Date of Award

Winter 2002

Document Type


Degree Name

Doctor of Philosophy (PhD)


Mechanical & Aerospace Engineering


Engineering Mechanics

Committee Director

Chuh Mei

Committee Member

Colin Britcher

Committee Member

Gene Hou


A finite element time domain modal formulation for analyzing flutter behavior of aircraft surface panels in hypersonic airflow has been developed and presented for the first time. Von Karman large deflection plate theory is used for description of the structural nonlinearity and third order piston theory is employed to account for the aerodynamic nonlinearity. The thermal loadings of uniformly distributed temperature and temperature gradients across the panel thickness are incorporated into the finite element formulation. By applying the modal reduction technique, the number of governing equations of motion is reduced dramatically so that the computational time of direct numerical integration is dropped significantly. All possible types of panel behavior, including flat, buckled but dynamically stable, limit cycle oscillation (LCO), periodic motion, and chaotic motion can be observed and analyzed. As examples of the applications of the proposed methodology, flutter responses of isotropic, specially orthotropic and laminated composite panels are investigated. Special emphasis is put on the boundary between LCO and chaos, as well as the routes to chaos. A systematic mode filtering procedure that helps mode selection without specific knowledge of the complex mode shapes is presented and illustrated. Influences of aerodynamic parameters, including aerodynamic damping and Mach number, on the panel flutter responses are studied. The importance of nonlinear aerodynamic terms is examined in detail. The supporting conditions and panel aspect ratio on the onset condition of chaos are also investigated as an illustration of optimization among different design options.

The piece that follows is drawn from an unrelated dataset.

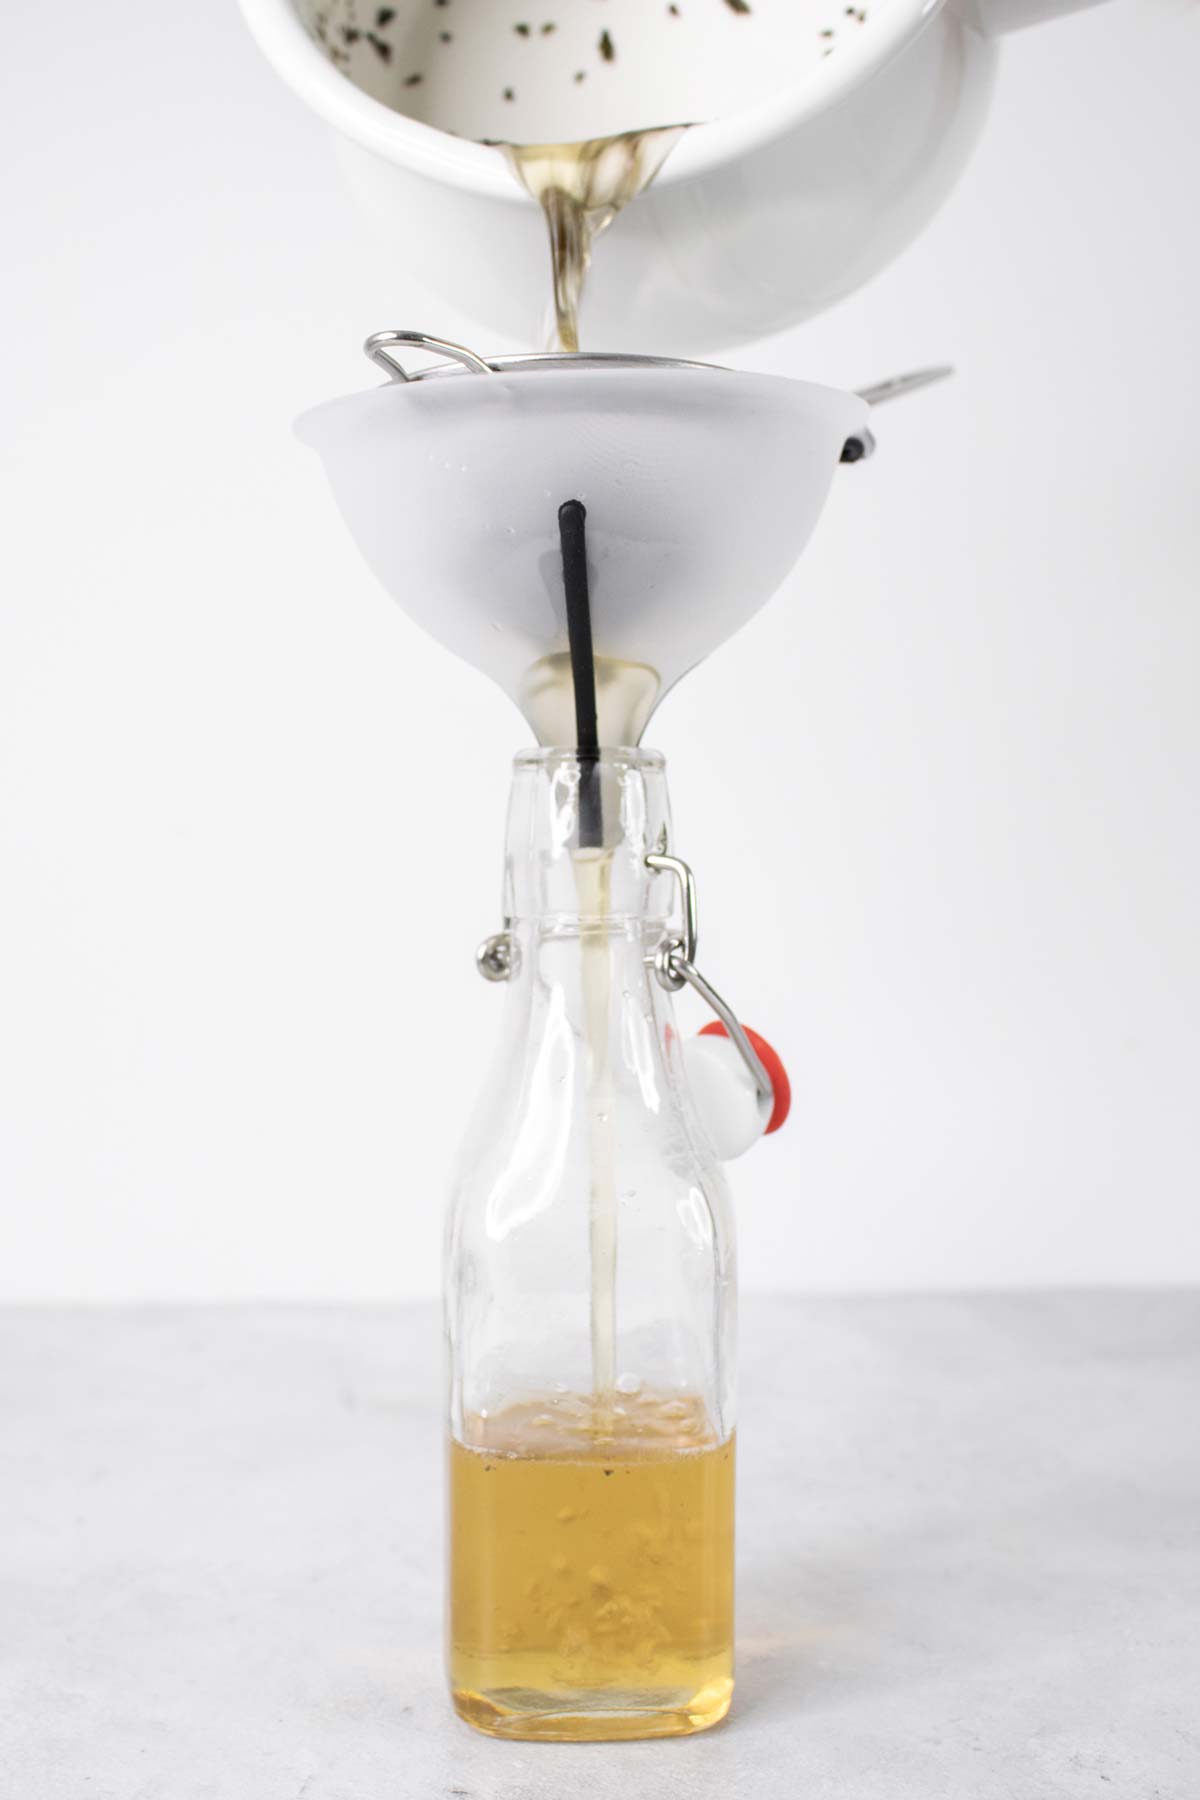 Munt eenvoudige siroop in een glazen fles uit een pan gieten.

Several mathematical tools, including the time history, phase plane plot, Poincaré map, and bifurcation diagram are employed in the chaos study. The largest Lyapunov exponent is also evaluated to assist in detection of chaos. It is found that at low or moderately high nondimensional dynamic pressures, the fluttering panel typically takes a period-doubling route to evolve into chaos, whereas at high nondimensional dynamic pressure, the route to chaos generally involves bursts of chaos and rejuvenations of periodic motions. Various bifurcation behaviors, such as the Hopf bifurcation, pitchfork bifurcation, and transcritical bifurcation, are observed.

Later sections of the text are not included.